This vocabulary describes a unique cultural object in which, for whatever reason, we have imprinted and externalized some image of our own construction. Perhaps this is the residue from the fact that the first books were printed on and bound in animal skin of one sort or another. Books are close to us. They are in some ways a little man or woman with things to say, evoke, caution, or denounce. A homunculus that sits quietly until called upon. They are not only something into which we pour our fantasies and fears. They are not the possession of a single person. They lead us to other people, to God, to nation, to contemplation or action, to hate, love, amusement, or despair.
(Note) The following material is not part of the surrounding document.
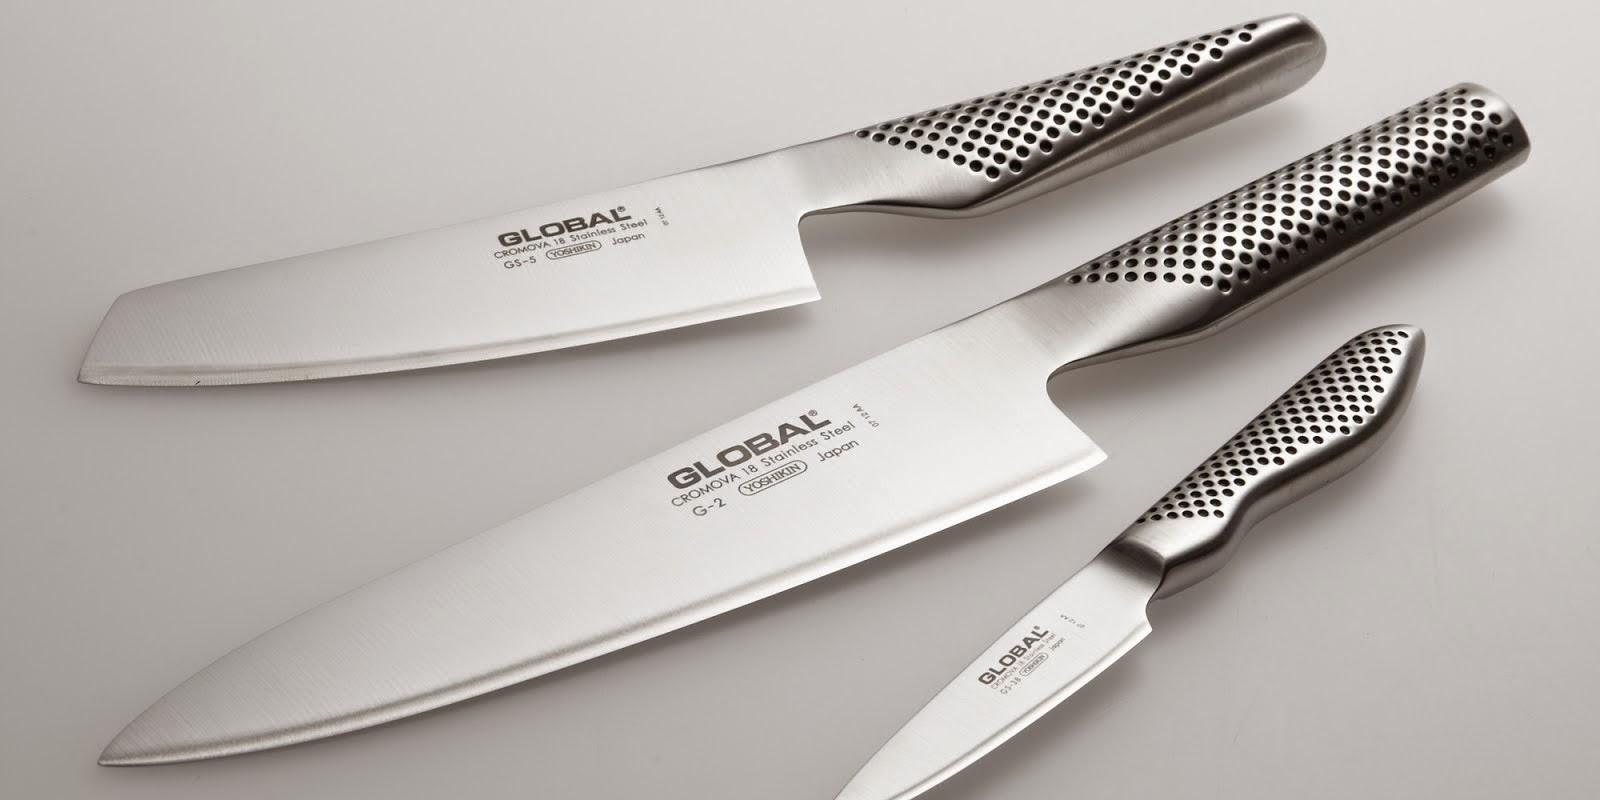 Knivslipning | Slipa knivar | Slipa kniv | Slipning av knivar ...

They connect us to generations removed by a thousand generations; they connect us to a future we can barely imagine…
Today, hardly a day passes in the publishing world without some mention of “”content”” or “”content providers.”” Entire websites are taken up with this obnoxious terminology… “”Content is still king”” is the advertisement for a website that purports to help aspiring writers in getting their “”content”” into circulation. We speak endlessly of electronic publishing, “”e-books,”” Kindles, Sony Readers, and so forth that take this “”content”” and disseminate it in seemingly limitless ways.
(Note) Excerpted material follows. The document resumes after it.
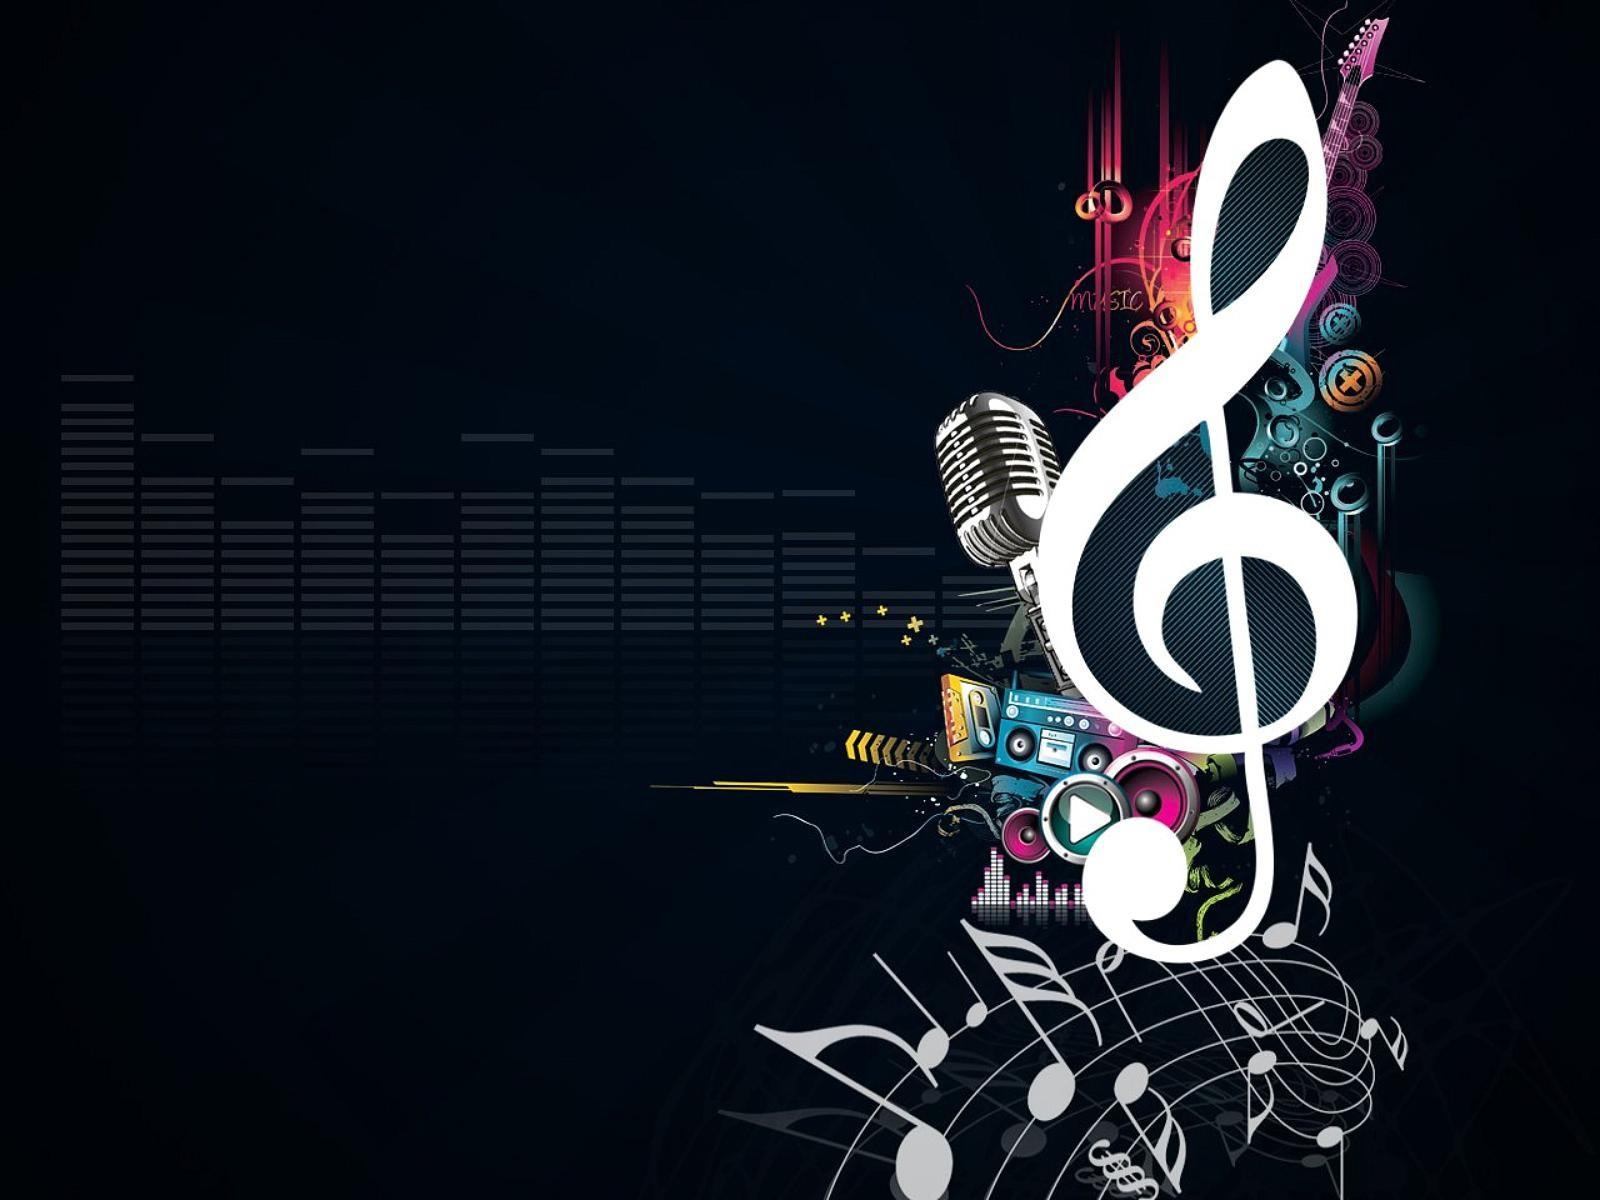 music   Anime Music and japanese music Wallpaper 35648057 1600x1200

Yet the importance of God’s covenant was not that it was limitless but that it was limited, marked first on the foreskin of a single man, who was an alien in a strange land, friendless, and separated from his family. Nor was it enough that God’s words were in Abraham’s heart. It wasn’t enough that he remembered them. The embodiment of these words on the most sensitive part of his body was necessary. Words are easy. Embodied words require pain; they require an instrument-a knife, a kharakter; they require character. There is something tragic in their very limitation…
The book provides a body for whatever it is about us that gives us the power to be more than what we are. After the blanket and teddy bears, books are what children take to bed with them. They put their heads on them and fall asleep. We take a book to bed as children and a partner to bed after we have grown up. Children do not put their heads on “”content”” but on these unique embodiments and transmitters of a life beyond themselves that partake of mother or father, peacefulness, adventure, and pleasure; that have the smell of our skin or breath and accompany us into unconsciousness, fueling desire and ambition; that help us come to terms with regret or failure and, sometimes, if we are lucky, find our way toward an acceptance and a feeling of oneness with something we cannot touch but know remains after we are gone.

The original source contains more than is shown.